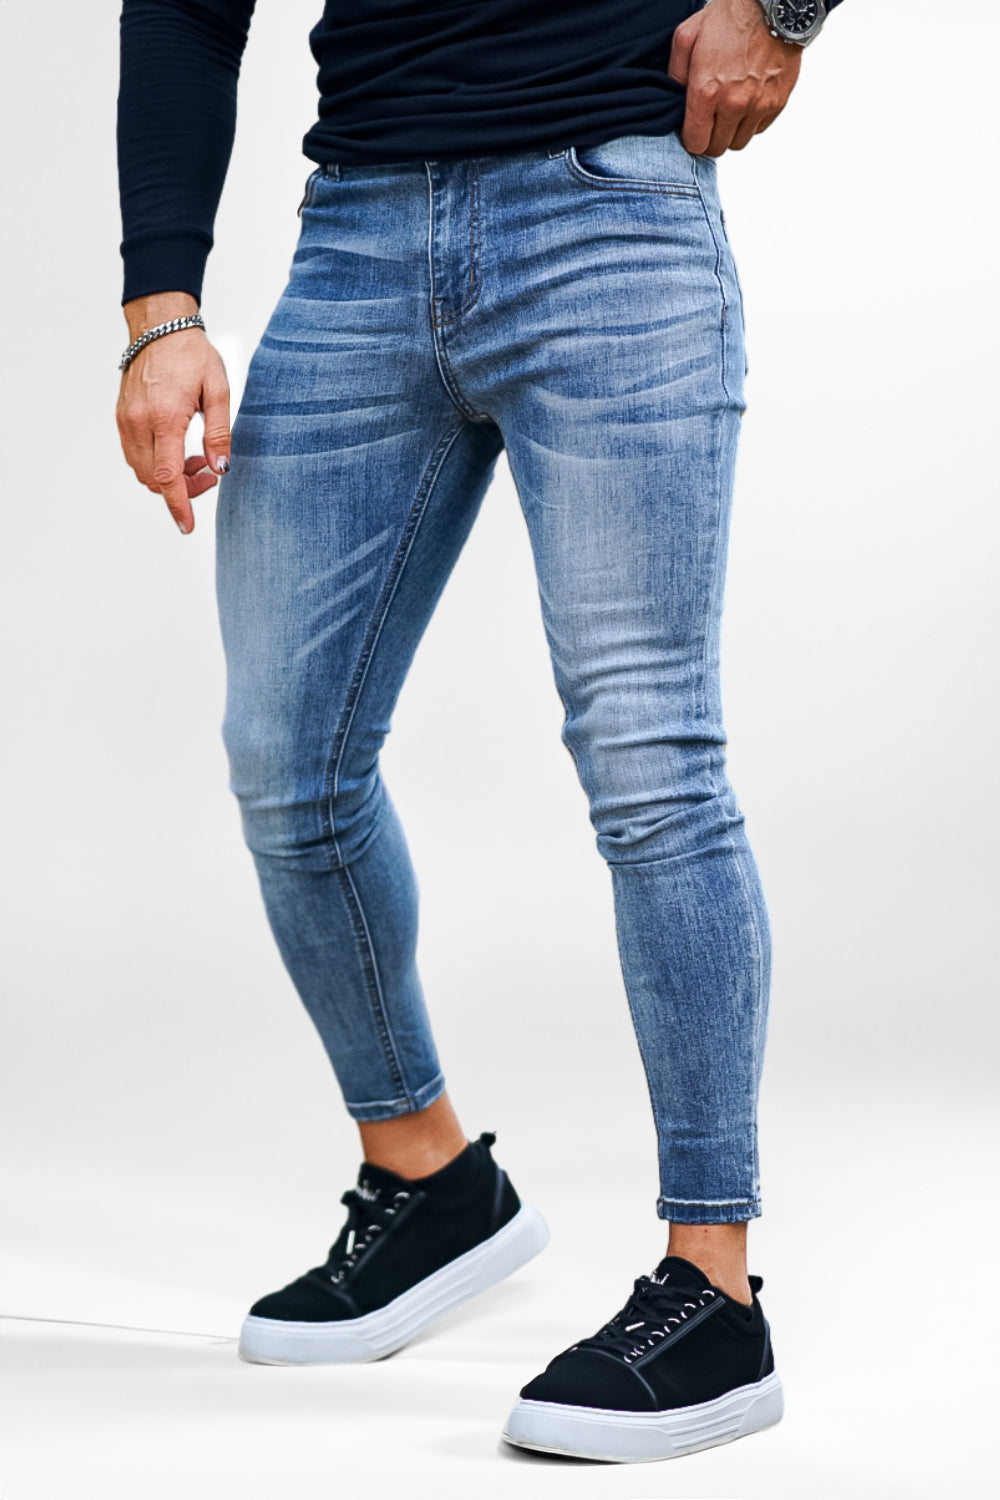 Mittelblaue Skinny Fit Jeans für Herren|50% Rabatt|Skinny Jeans|Skinny  Jeans für Herren|Herren Slim Fit Jeans|Stretch-Jeans – GINGTTO
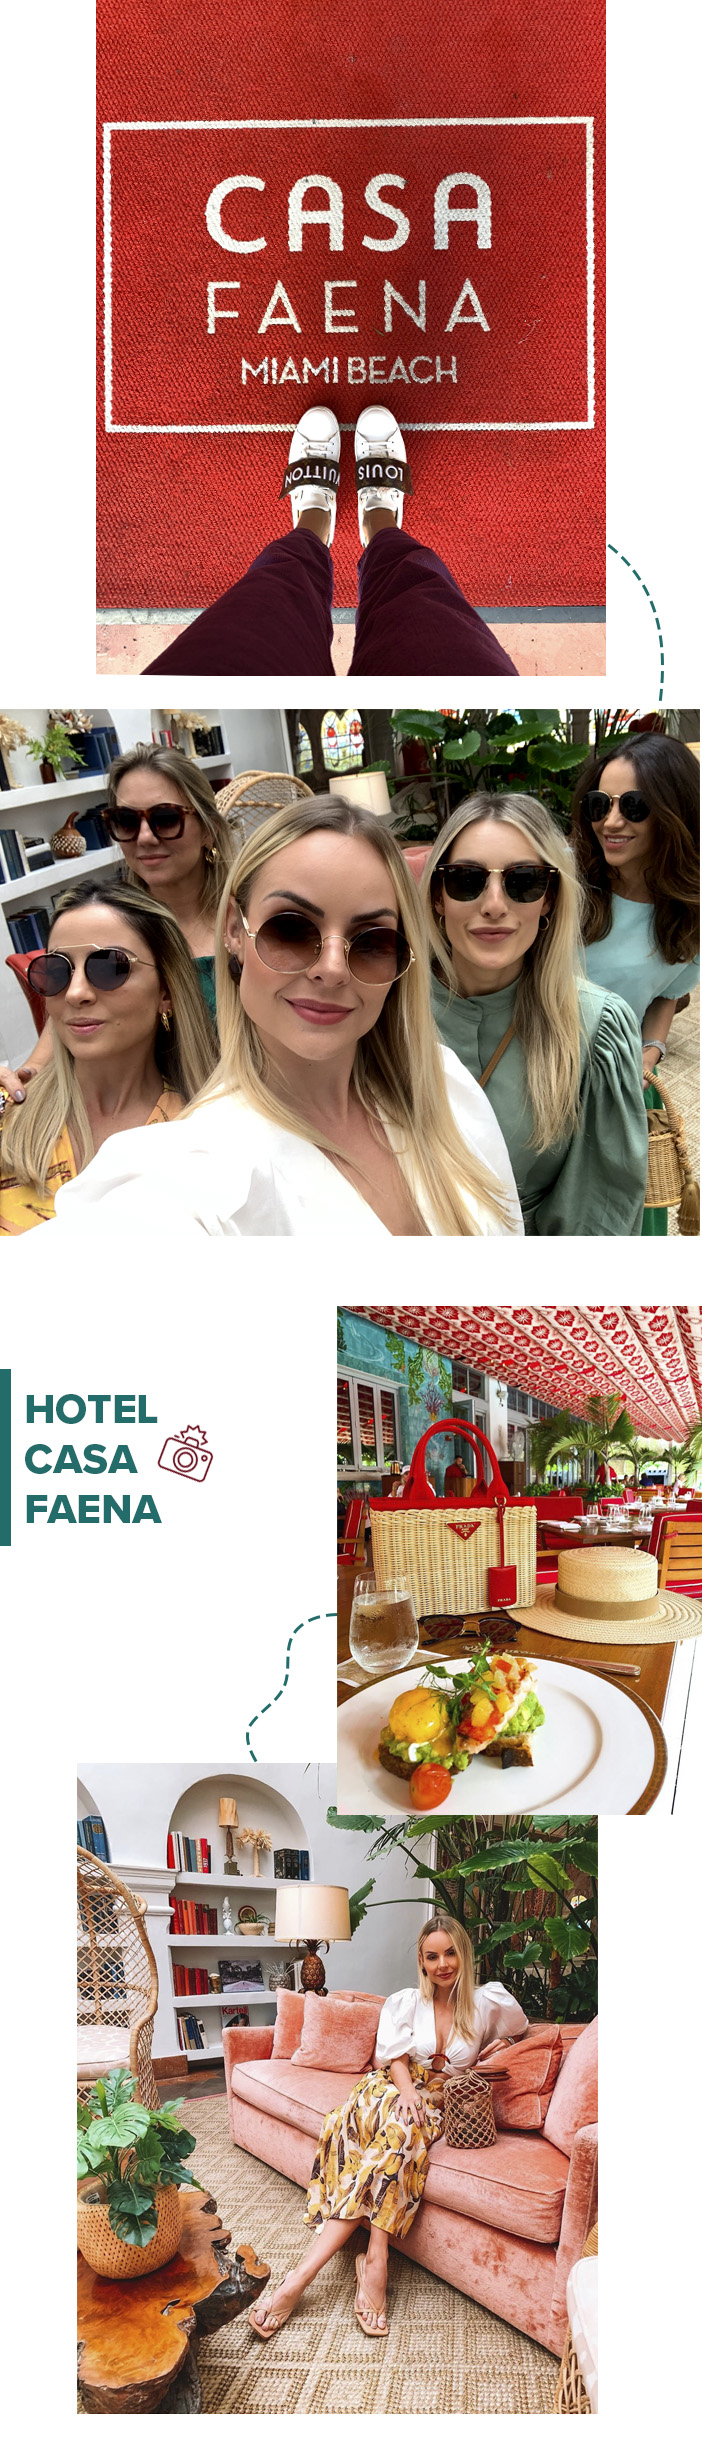 Diário de Bordo - Layla no Brazil Fashion Forum Miami - Hotel Casa Faena
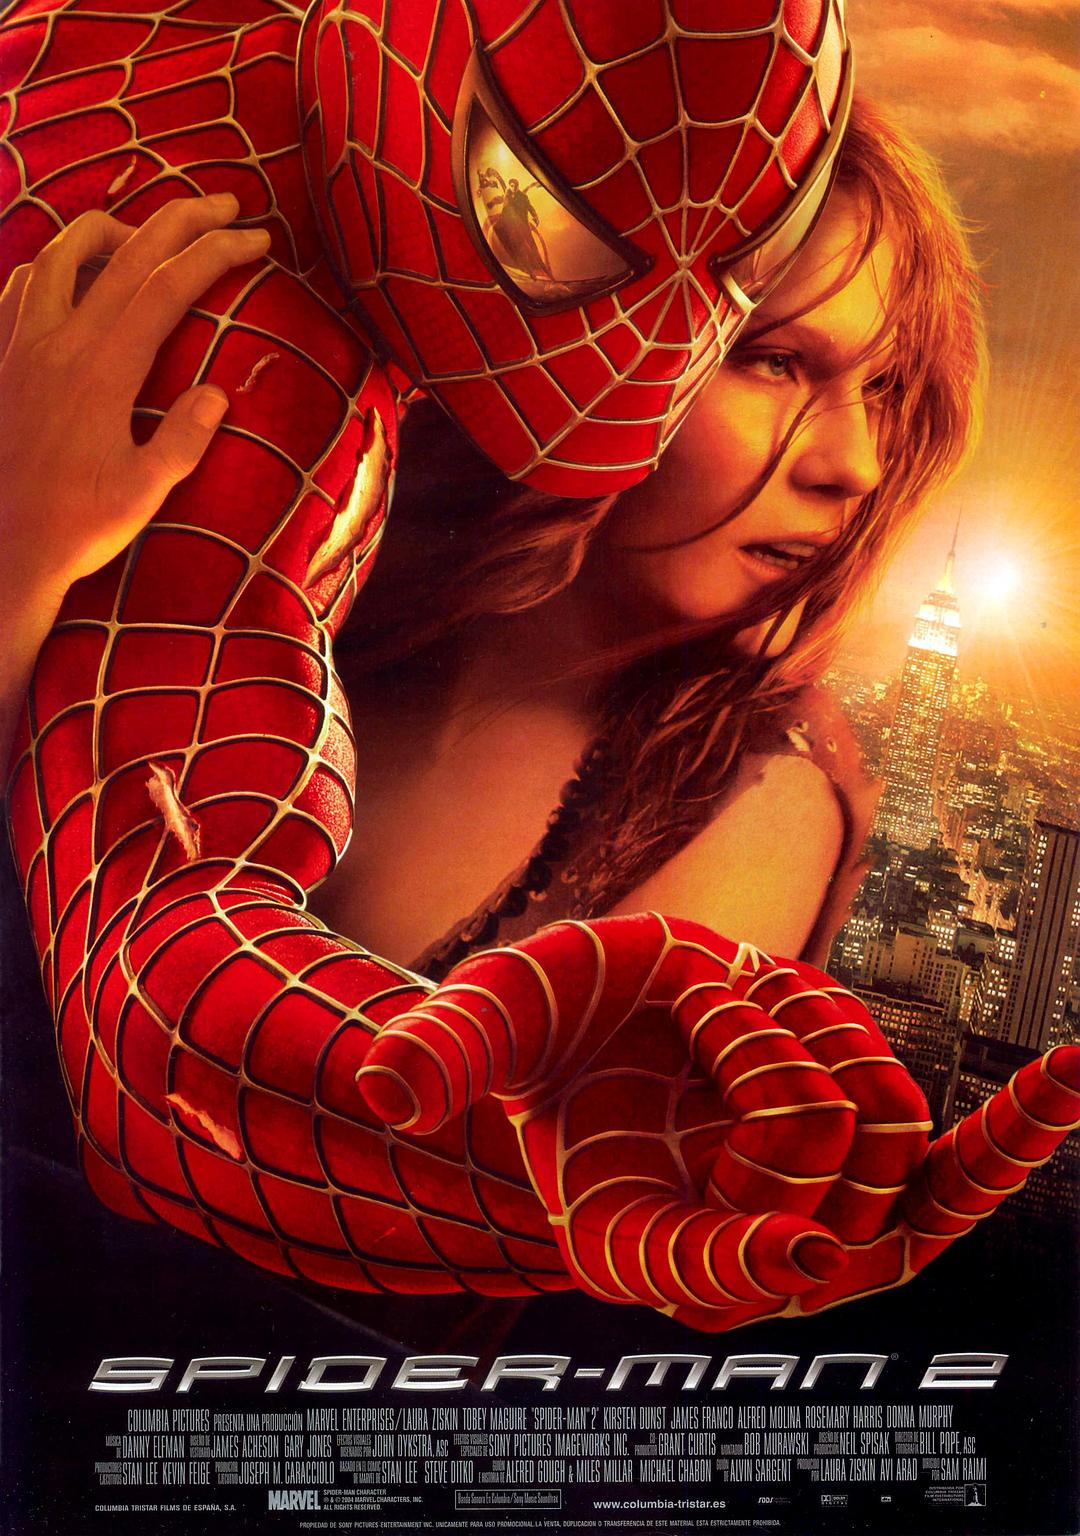 蜘蛛侠2.Spider-Man.2.2004.Remastered.1080p.BluRay.Remux.TrueHD.Atmos.7.1@ 36.27GB
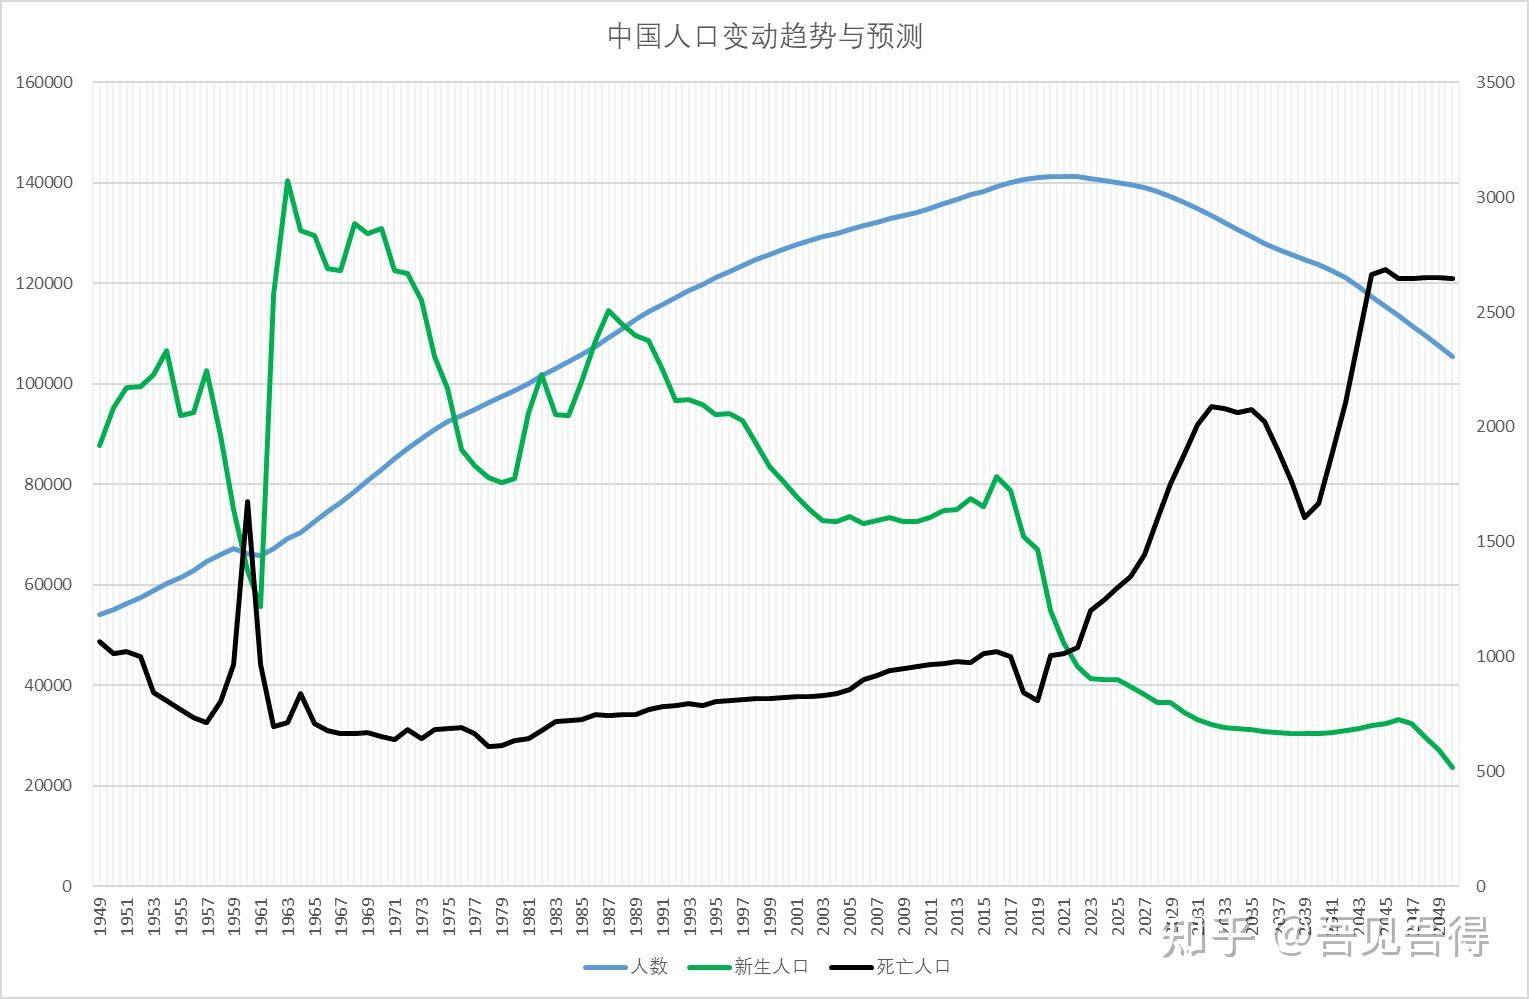 二,中国人口变化趋势
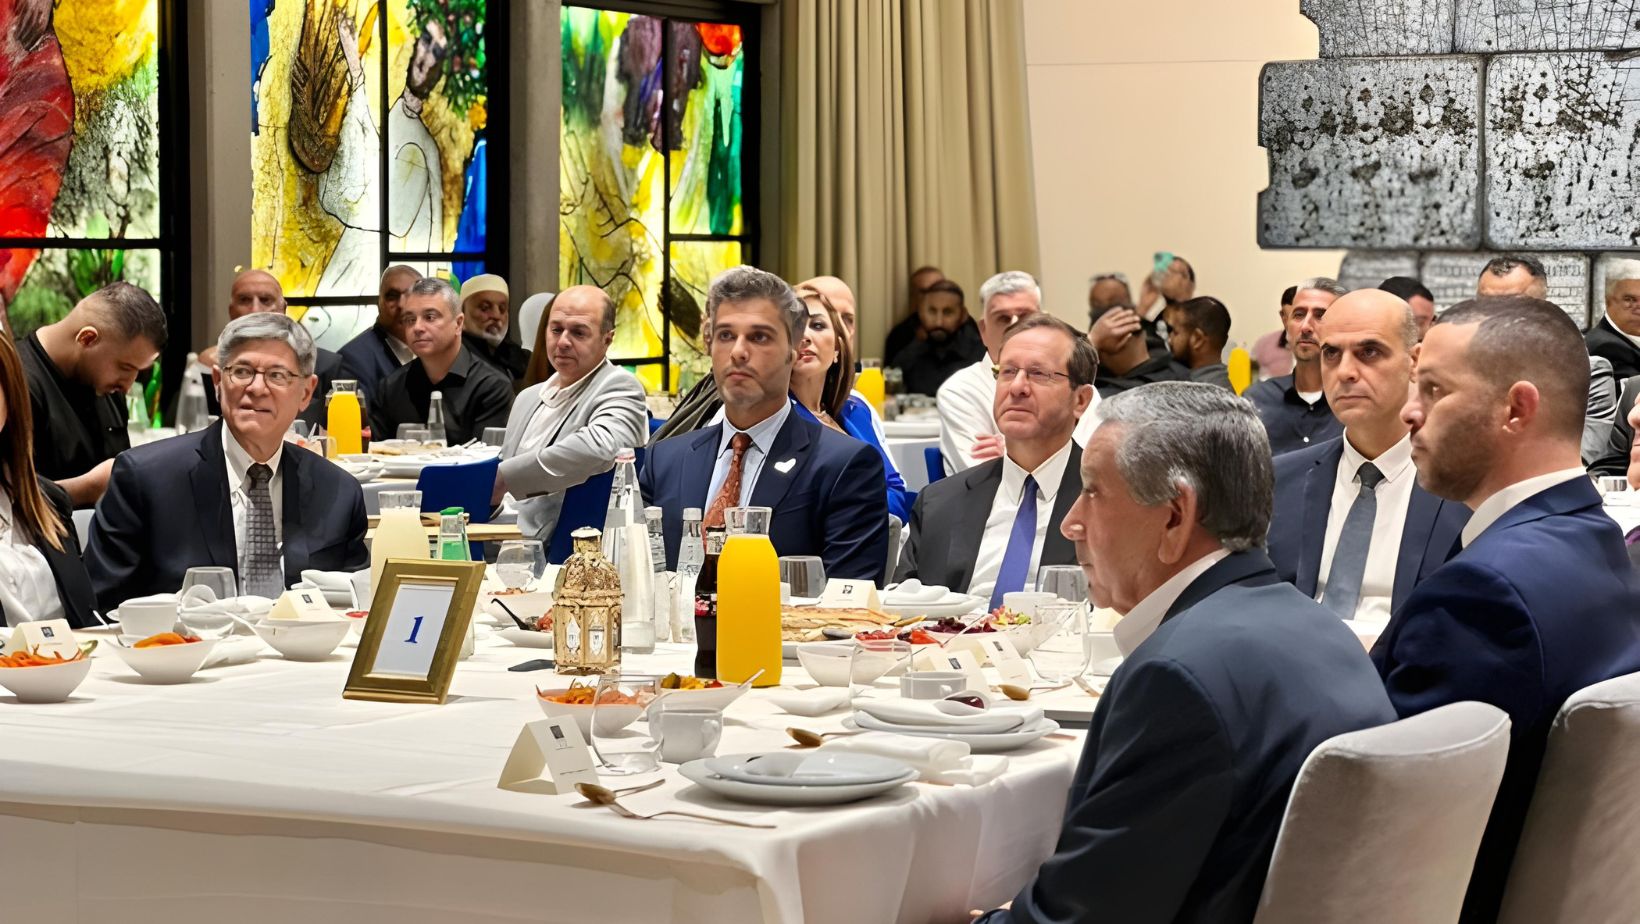 السفير الإماراتي يحضر إفطارًا رمضانيًا في مقر إقامة الرئيس الإسرائيلي
---+---
- What the task asks:
Transcribe all the data word for word; the images stay out.

- Result of the task:
 Mittelblaue Skinny Fit Jeans für Herren|50% Rabatt|Skinny Jeans|Skinny  Jeans für Herren|Herren Slim Fit Jeans|Stretch-Jeans – GINGTTO
 Diário de Bordo - Layla no Brazil Fashion Forum Miami - Hotel Casa Faena
 蜘蛛侠2.Spider-Man.2.2004.Remastered.1080p.BluRay.Remux.TrueHD.Atmos.7.1@ 36.27GB
 二,中国人口变化趋势
 السفير الإماراتي يحضر إفطارًا رمضانيًا في مقر إقامة الرئيس الإسرائيلي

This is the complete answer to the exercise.